I don’t think Clyde was all that exceptional in looking out for his neighbors. One March night when I was 15, my mother and I were awakened at three in the morning by the phone. It was my Aunt Helen Tupper, whose farm we see across the valley. “Marge, Ted! Come quick the barn’s on fire!” We threw on clothes and sped around to the Tupper’s. By the time we arrived, there were already 30 or more neighbors there. Aunt Helen had it wrong. The cow barn roof had collapsed under the weight of snow and the cows were trapped underneath. The structure of their stantions, a pipe arrangement known as comfort stalls, had knocked the cows down but supported the collapsed ceiling about 3 feet off the floor. By daylight there were 50 men digging snow and then ripping off roofing, and then tearing apart timbers and finally ceiling, and freeing the cows one by one. By midday the cows were wandering loose all around the yard. By dark, heifers and calves had been shifted around to make room for the cows and temporary milking and water apparatus had been set up and weary neighbors had gone home to milk their own cows. I stayed on the couch in my cousin Donny’s mobile home and didn’t go home until school started that fall. All any of those neighbors ever got was something they already had. The sure knowledge that if they ever needed help, their only problem might be finding enough shovels and crowbars.
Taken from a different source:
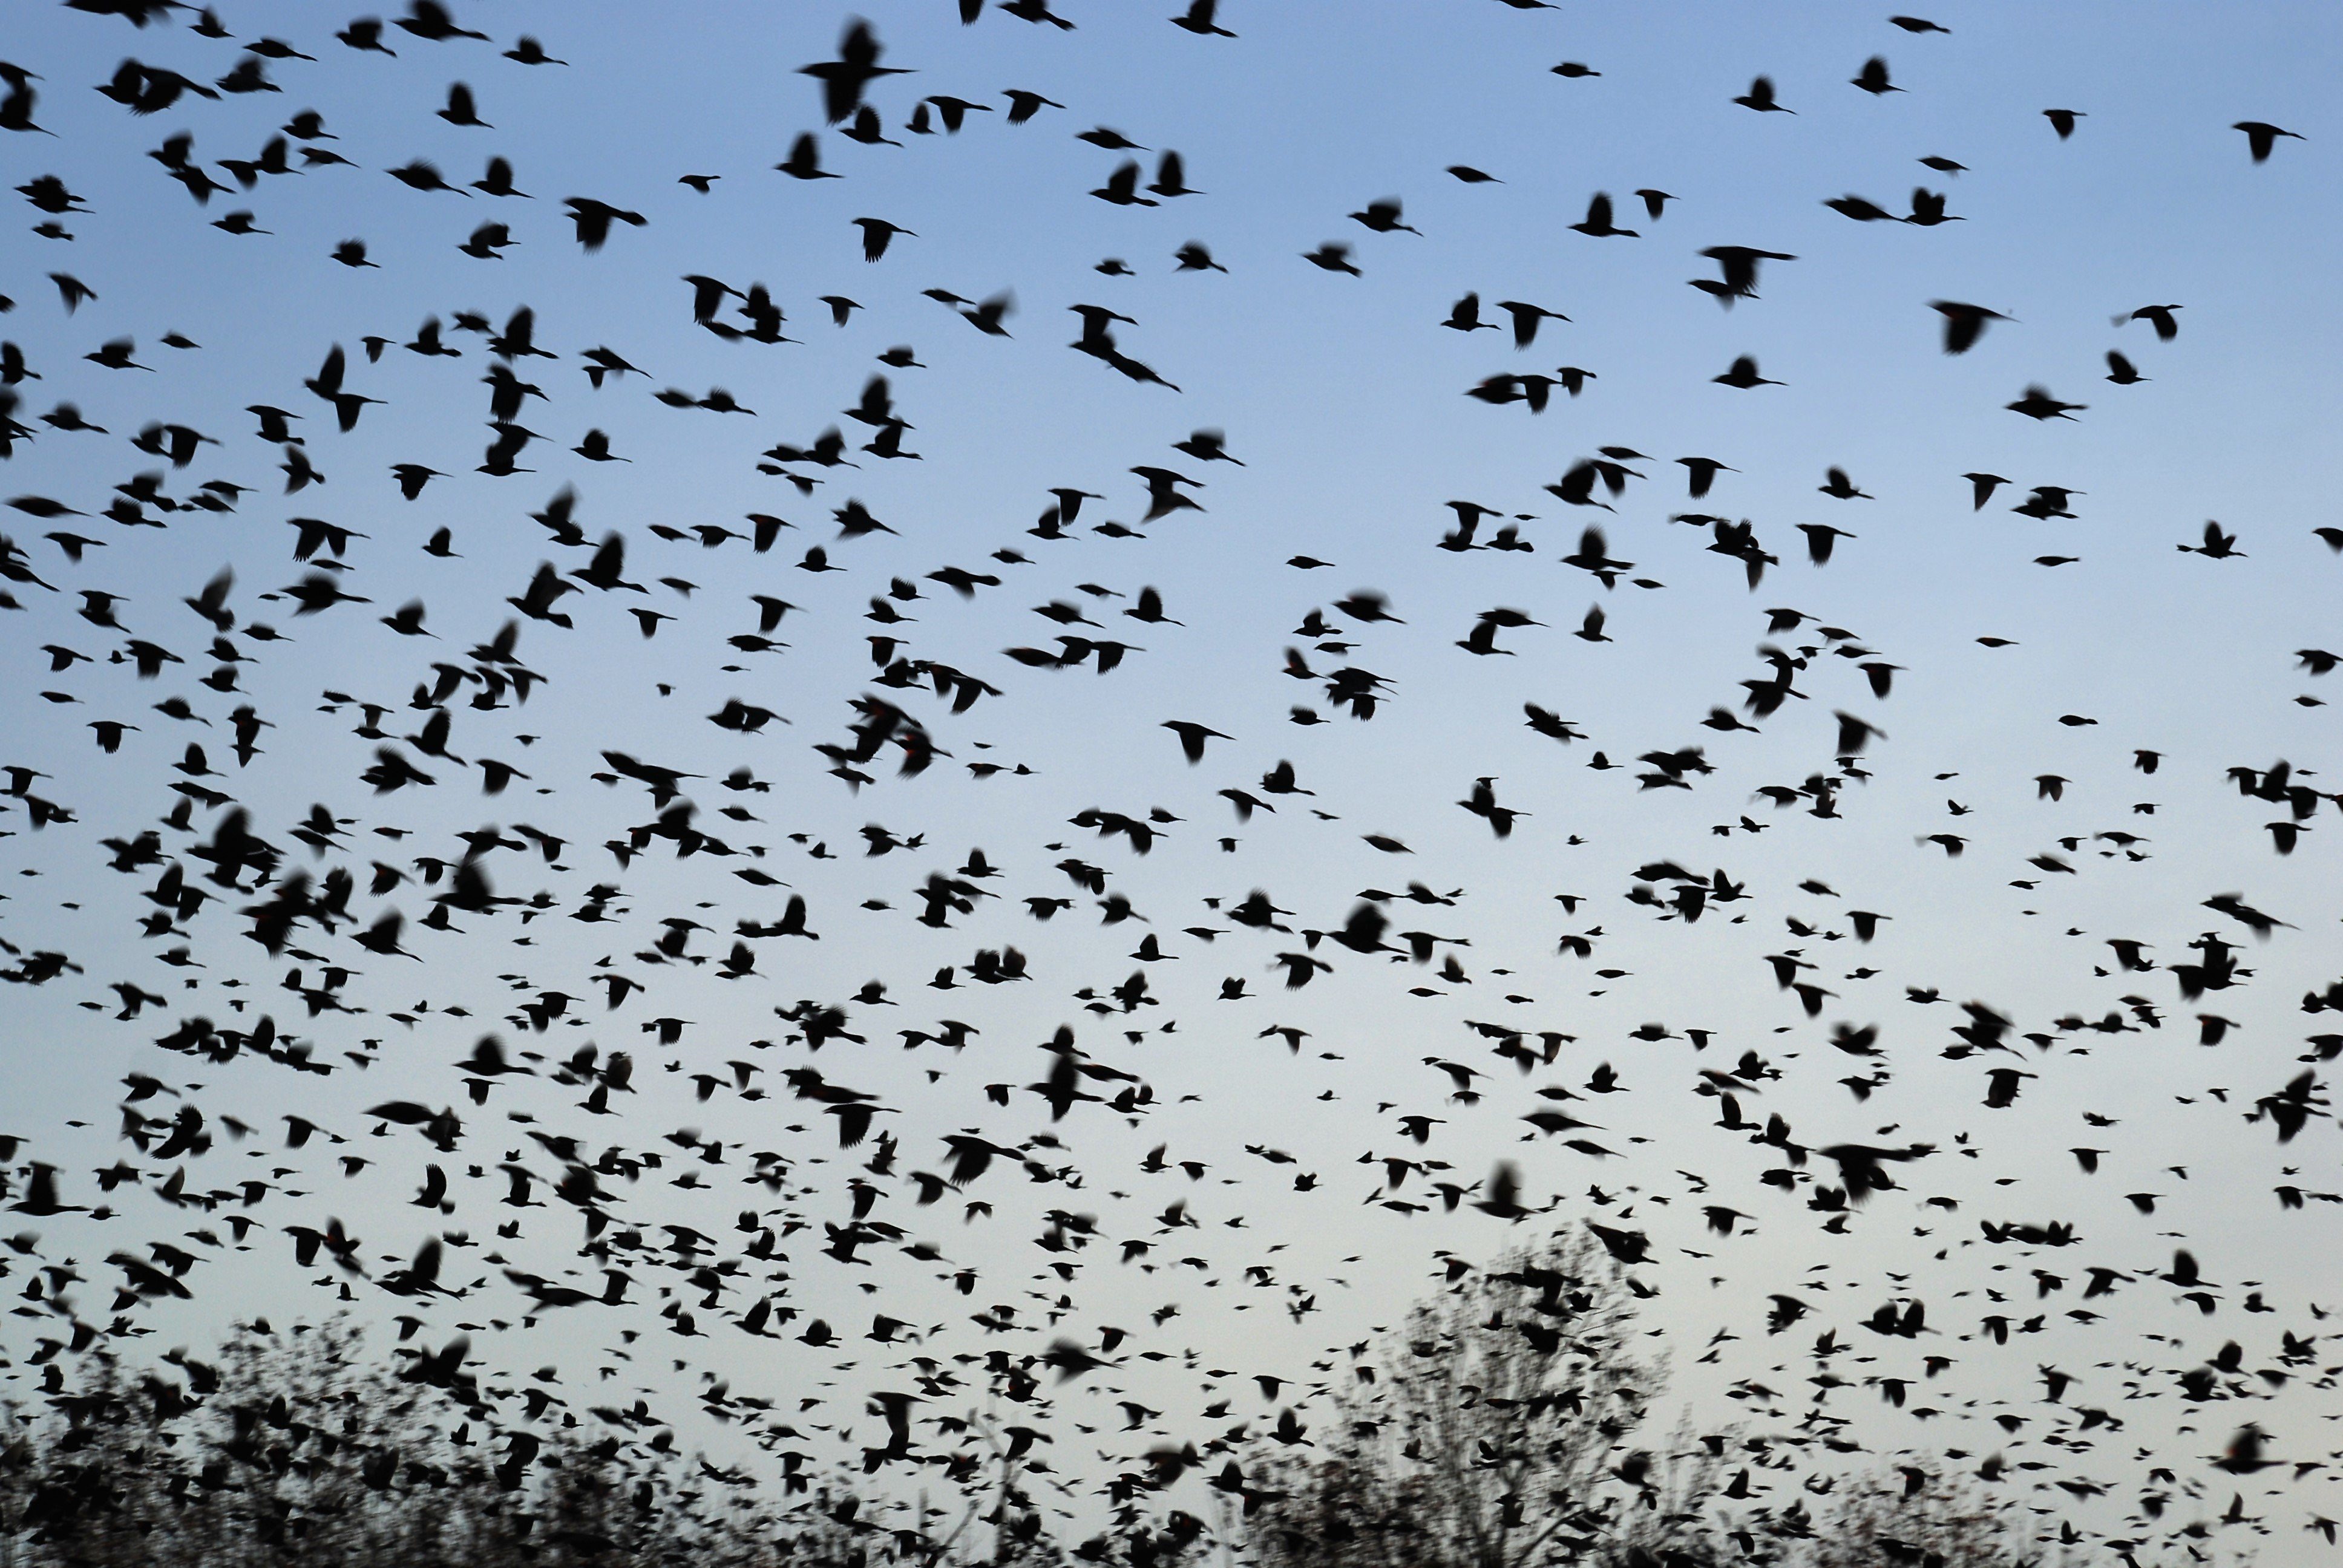 Flock of birds. Стая ворон. Много птиц в небе. Вороны в небе. Стая птиц.

Growing up, this valley was my home and these were my people. These are the people whose stories I want to tell, whose stories I hope won’t be forgotten. Many of them are gone now. Some people say your life ends when the last person who remembers you dies. No one alive remembers my great great grandfather Rodney and no one ever told me anything about him. He moved the house that was here and built the house I live in. He built the barns, except the sheep barn which was here. I have so many questions I wish he could answer. So I’m going to try to answer a few questions from my time here. Will anyone ever ask them? Who knows?